12: Joseph (Part V — This really happened. Promise!)
Here’s part 2, also written on a plane on my way to Karachi. Good times.
Still on the plane. Long ass flight. Getting massively annoyed with people. And not just the babies this time (although, wouldn’t you know it, they’re still going). No, even the adults are starting to wear me thin at this point.
I’m sitting next to a woman who alternates between reading her Quran — out loud, in a whisper — and crying while a Bollywood ripoff of Amelie. No joke. She’s got her elbows all over the damn place. And when she wants to get up to go to the bathroom, she doesn’t say “excuse me” or something. She just stares at me until I get up. It’s going to be a long 823940832043 hours.
This is the last of chapter 12. I promise. I know I delved into it a lot more than some other chapters, but cut me some slack. Do you remember how horrendous 10 and 11 were? Do you?? I don’t either. I can barely remember what I had for lunch yesterday let alone something I wrote weeks ago. I’m a sad, sad lady. On with the show:
(94) The caravan departed (from Egypt) and Jacob said (at home): “Say not that I am in my dotage, but I get the smell of Joseph.”
Joseph’s shirt, which is on a caravan leaving Egypt, smells so strong that Jacob can smell it all the way back at his house. Now I know some blind people have a heightened sense of smell, but damn, dude. That’s a bit excessive. Also, Joseph smells the same as he did when he was 6 or 12 or however the hell old he was when he got tossed down that well. I find that hard to believe.
(95) They said: “By God, you are still persisting in your old delusion.”
That’s what I’m saying. After that, Joseph’s caravan appeared and the old guy got to say one last “I told you so.”
(96) Then, as the harbinger of happy news arrived and put the garment over his face his eyesight was restored. He said: “Did I not tell you? I know from God what you do not know.”
After that, the half-brothers repented and begged for Jacob to pray for them. Which is kind of bullshit if you ask me, because they should be praying for themselves. Personal responsibility and all.
Anyway, Joseph invites his whole family to come hang out in Egypt with him. And suddenly it seems like he’s a lot more important than he was a few verses ago, because he now has a throne!
(99) When they went back to Joseph he gave his father and mother a place of honour, and said: “Enter Egypt in peace by the will of God.”
(100) He seated his parents by his side on the throne; and they fell down before him in homage. “O my father,” said Joseph, “this is the meaning of my earlier dream. My Lord has made it come true. He was gracious in getting me out of the prison, and bringing you out of the desert to me after the discord created by Satan between me and my brothers, for my Lord is gracious to whomsoever He please. He is indeed all-knowing and all-wise.
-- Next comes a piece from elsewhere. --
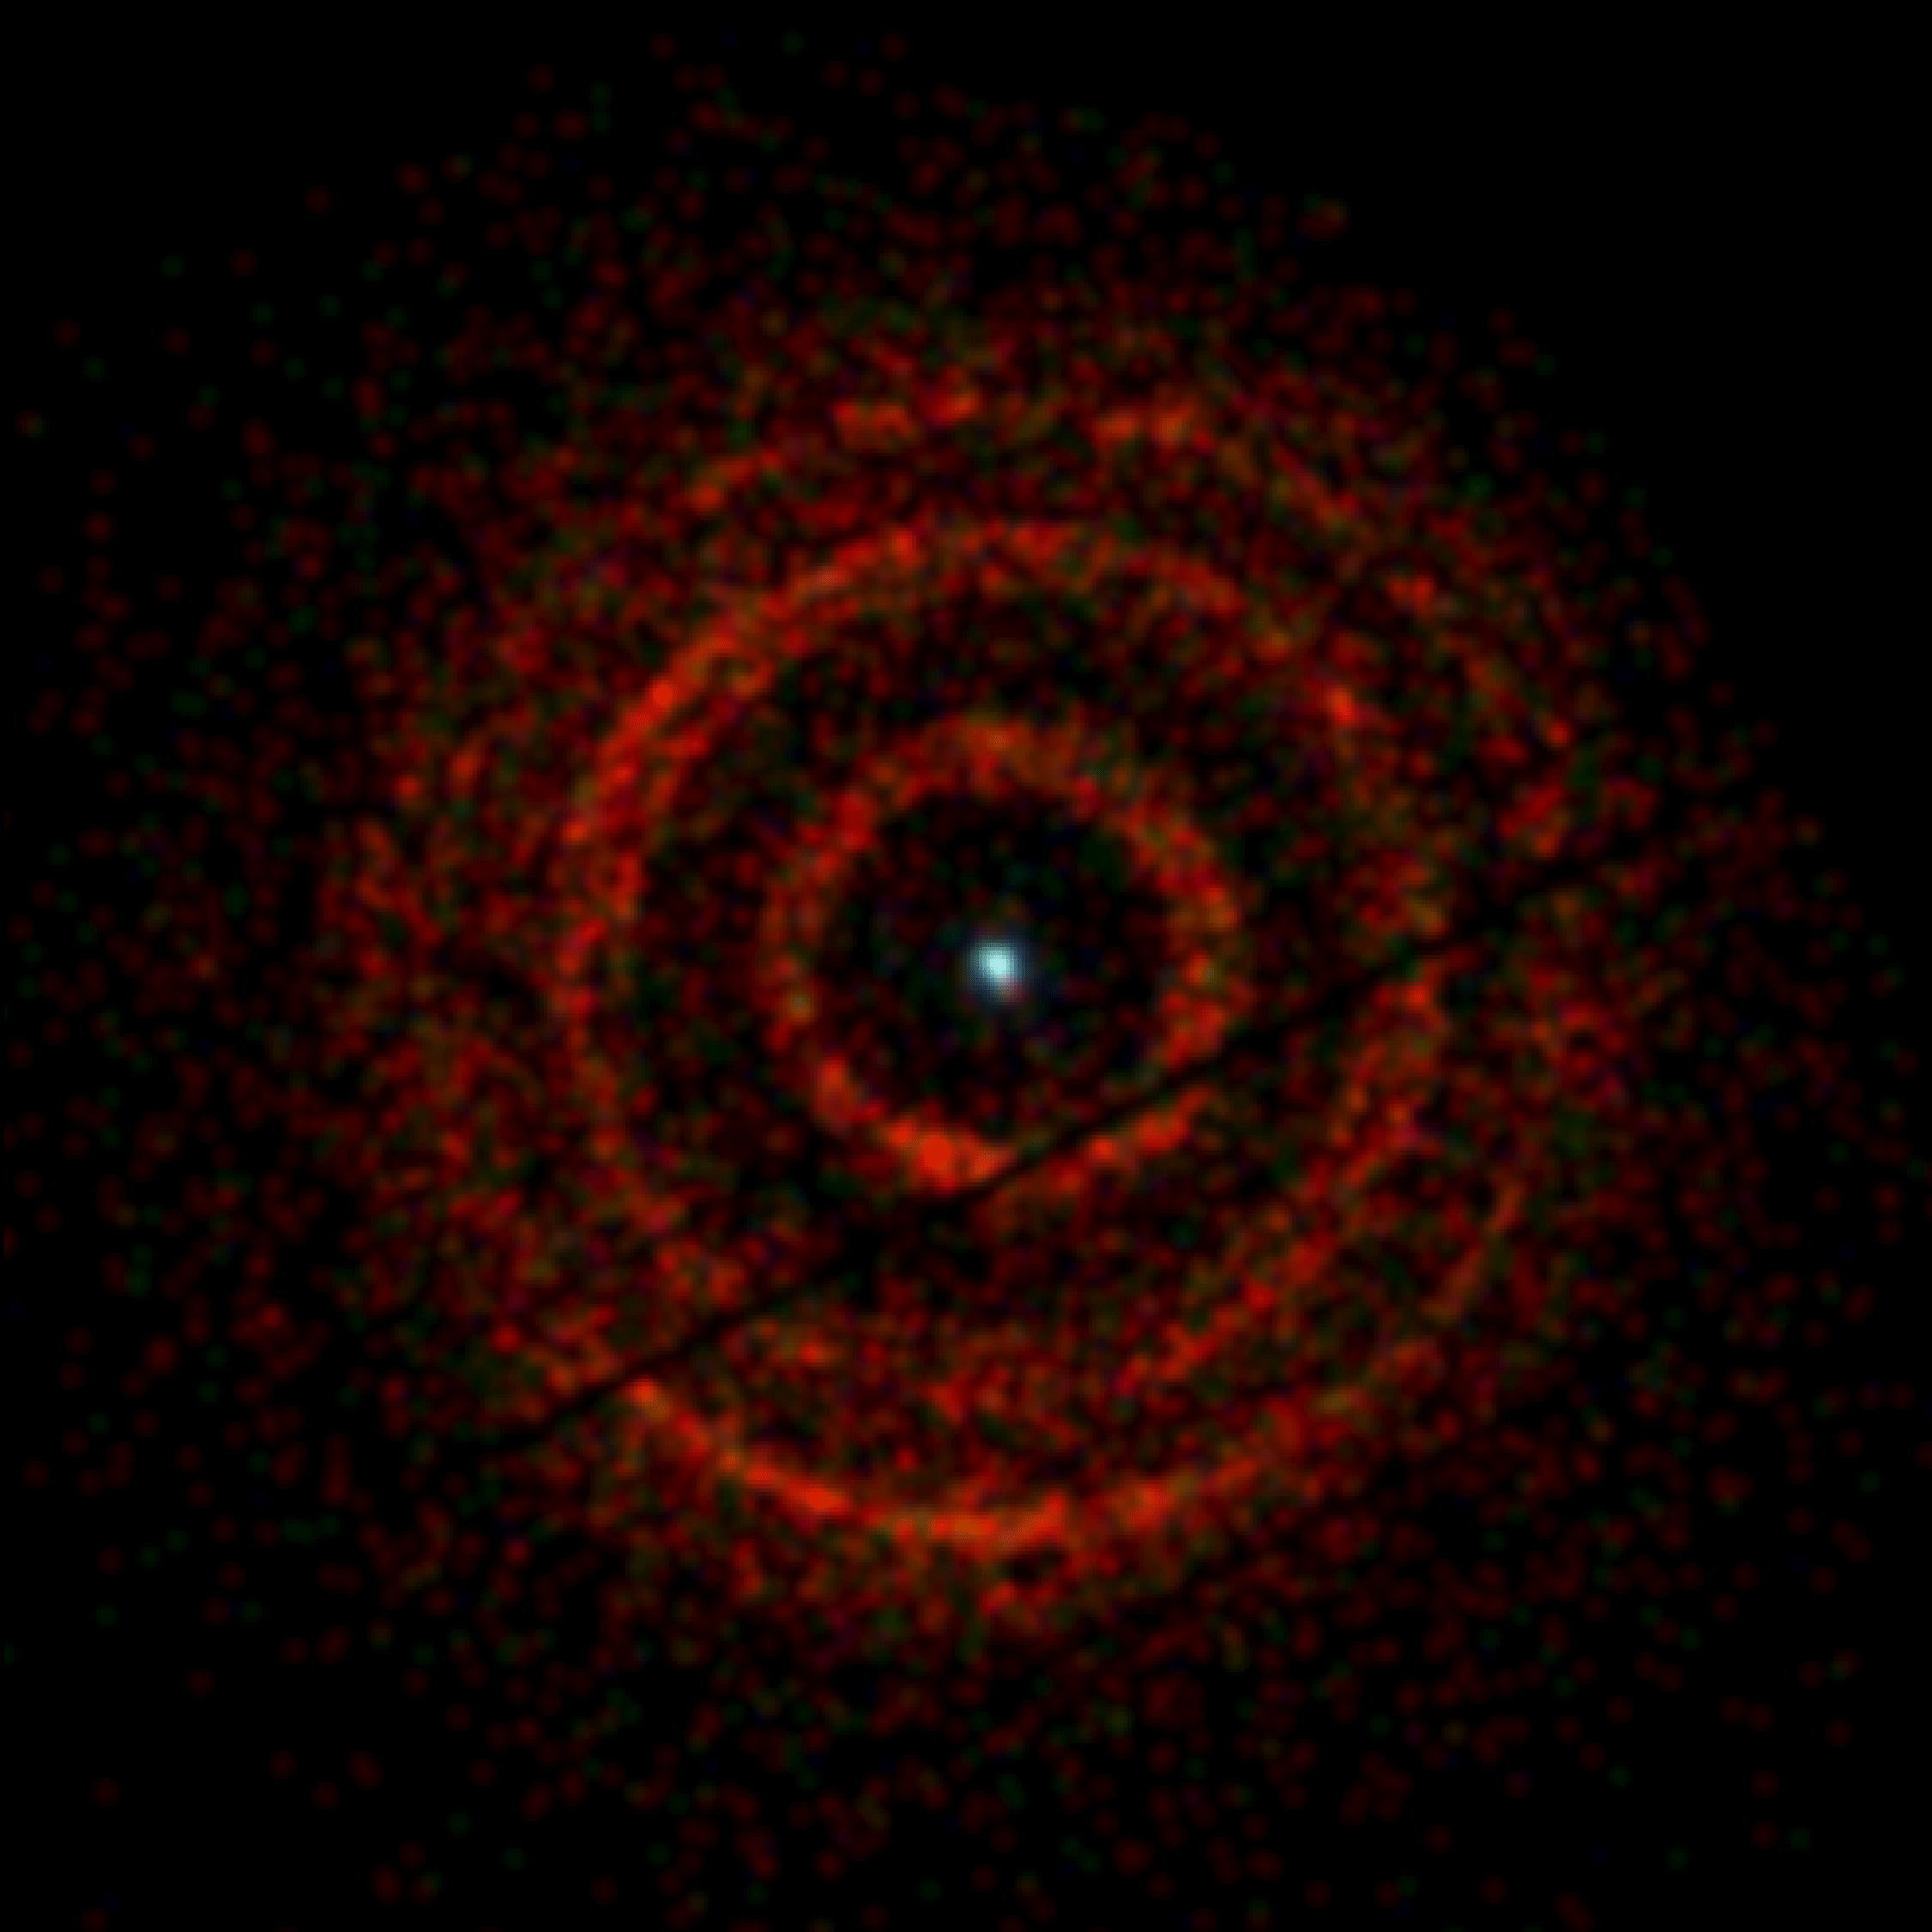 Анимационное изображение колец рентгеновского исзучения, испускаемых черной дырой V404 Лебедя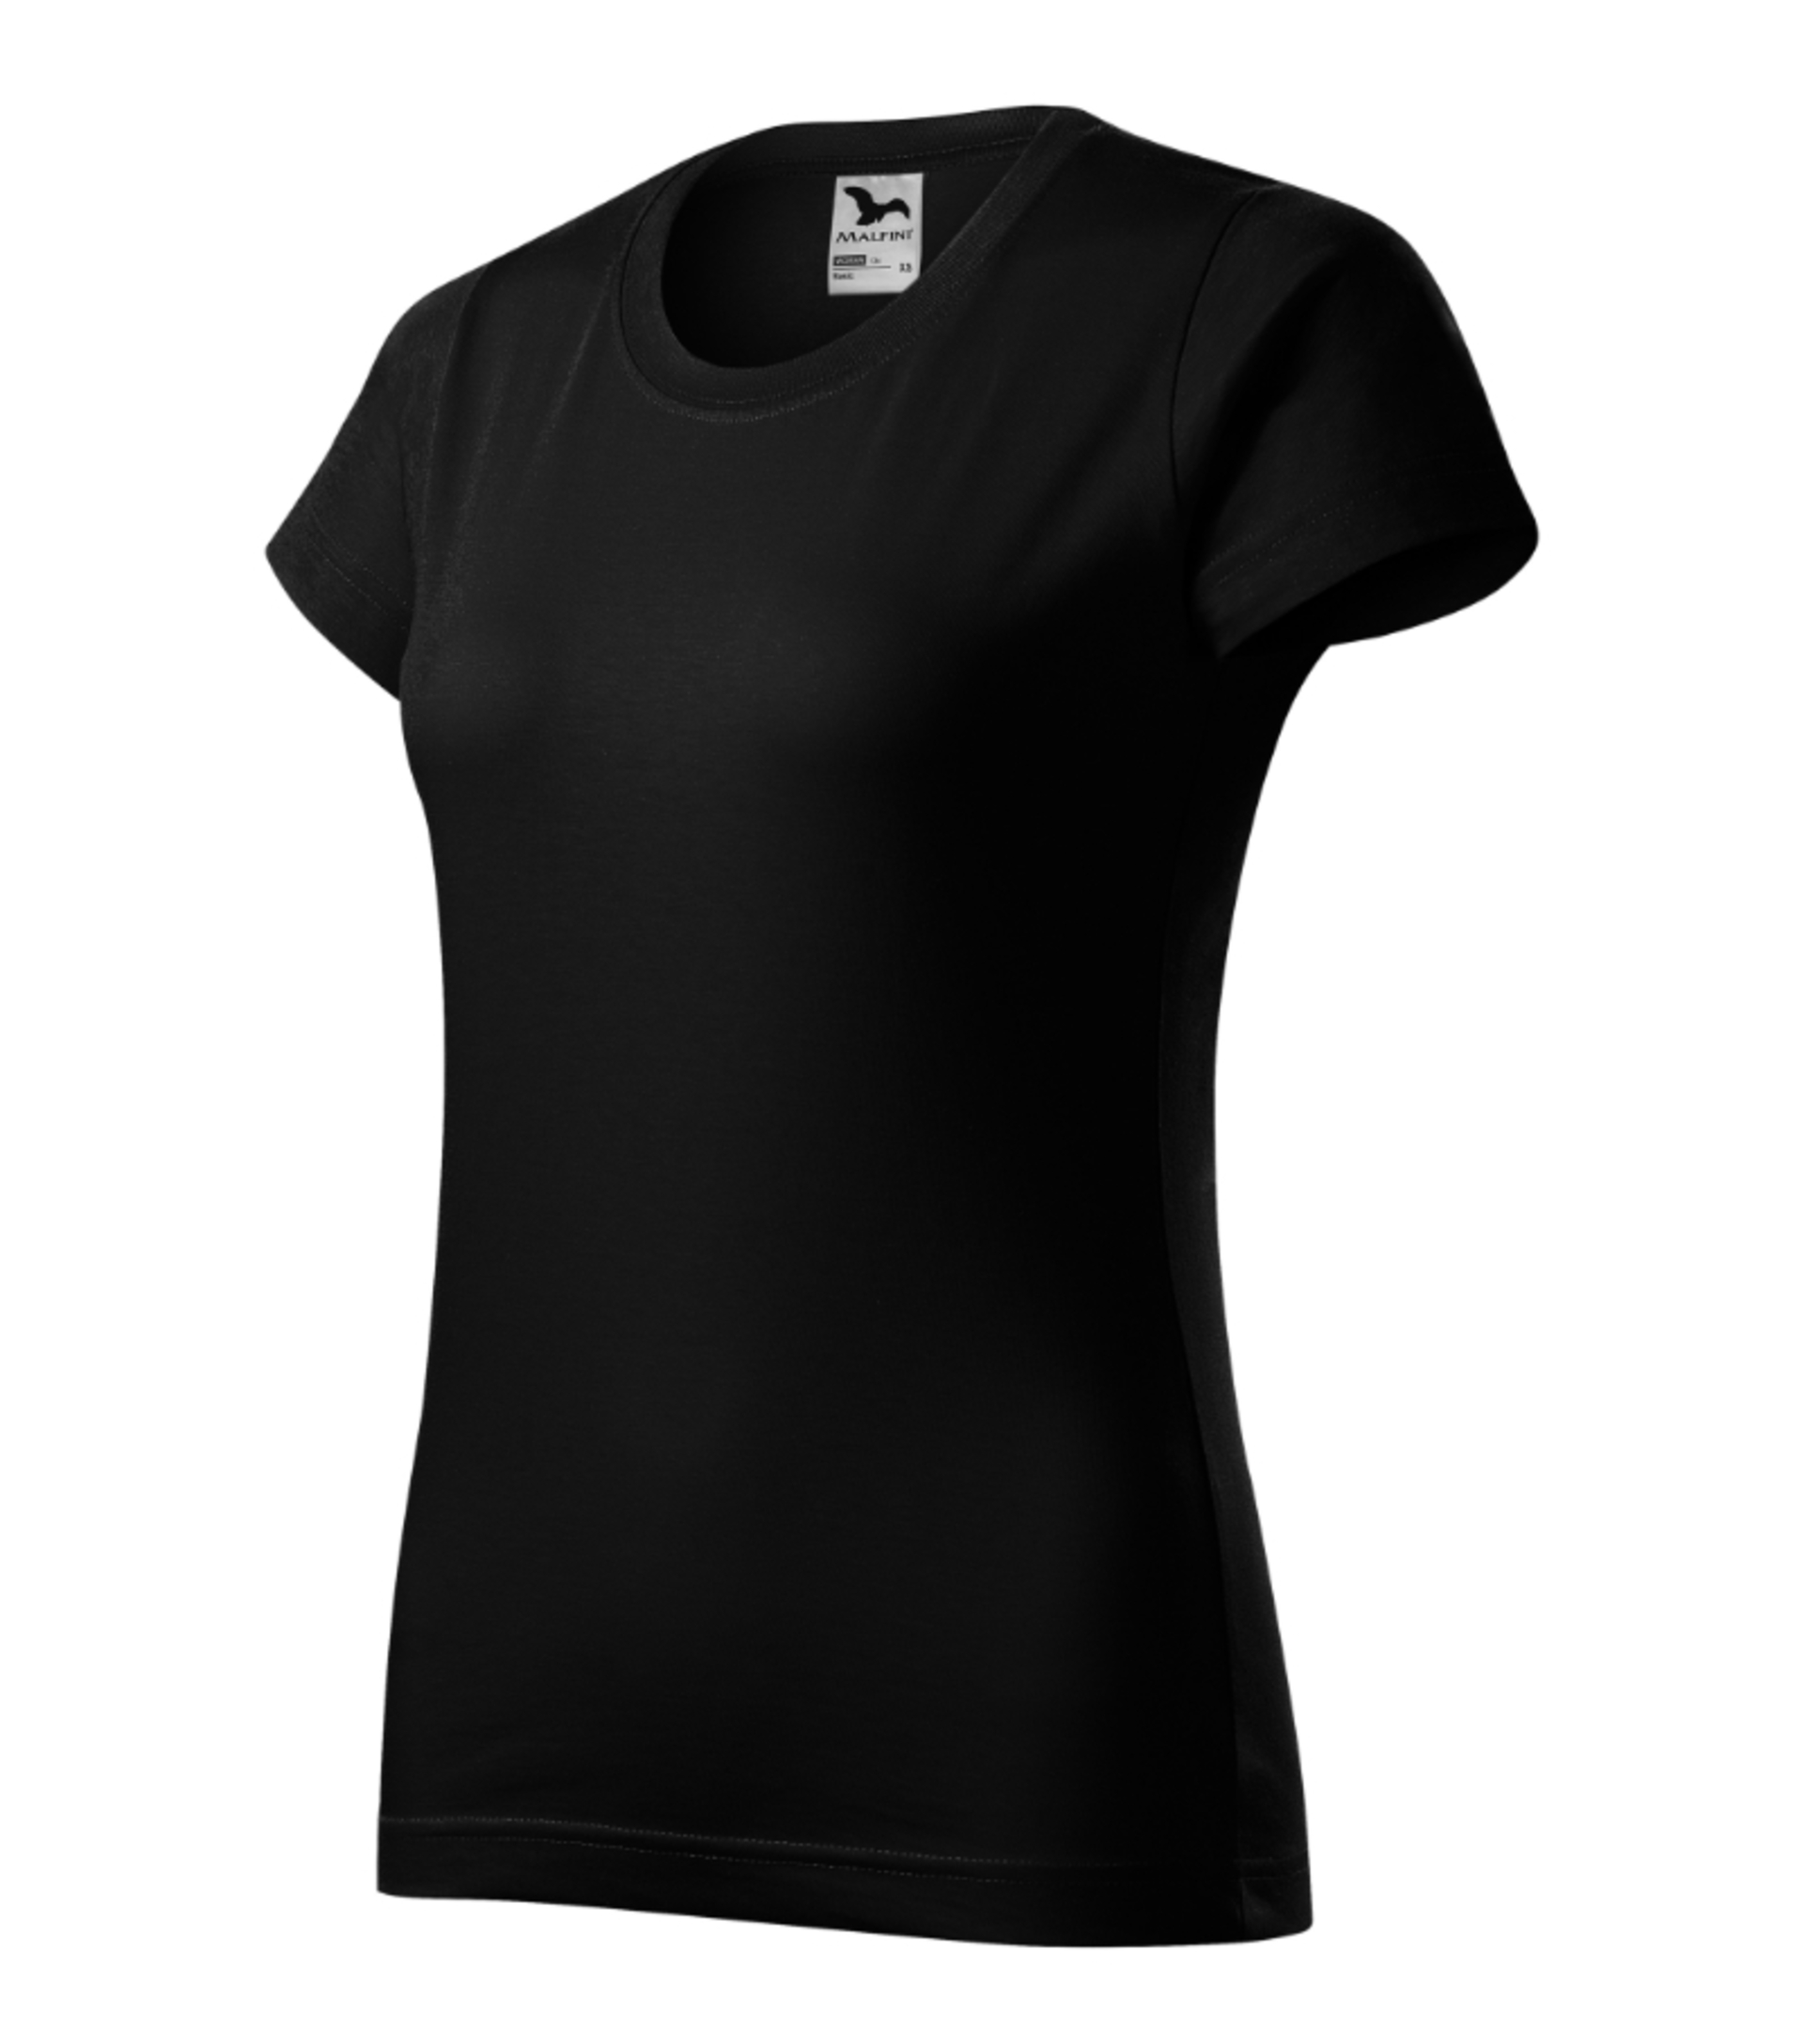 Malfini ADLER BASIC dámské Tričko černá L + Bezplatné vrácení zboží

Oh, so that’s what the dream was all about. Sun, moon and planets. I get it. And to think, they could have avoided that whole prison / rape thing if God had just *poofed* everyone into the subservient roles he really wanted them to be in.
One last thought — Joseph’s brothers are literally on the ground, paying homage to him. I’m picturing this as on their knees with their foreheads and hands to the ground. Sort of like how Muslims pray. That’s sort of fucked up considering the only person you’re supposed to do that to is God. Pretty sure this is against God’s own rules, but hey, he makes this shit up as he goes along.
The rest of the chapter is pretty ho-hum stuff. Mostly just God greasing up his own dick. To the point that I wonder how that thing hasn’t fallen off yet. Or, at the very least, it must be kind of sore.
The money verse is the one that ends the chapter. I had to choke back the laughter:
(111) Verily in their accounts is a lesson for men of wisdom. This is not a fictitious tale, but a verification of earlier Books, and a clear exposition of everything, and a guidance and grace for those who believe.
This isn’t fiction. Really, it’s not. It happened. Believe me! Believe me, damnit!
That’s it for chapter 12. Coming up next, chapter 13. Whoo! Blogathon! I haven’t been this excited since Crying Lady went to the bathroom and gave my elbows a 5 minute break!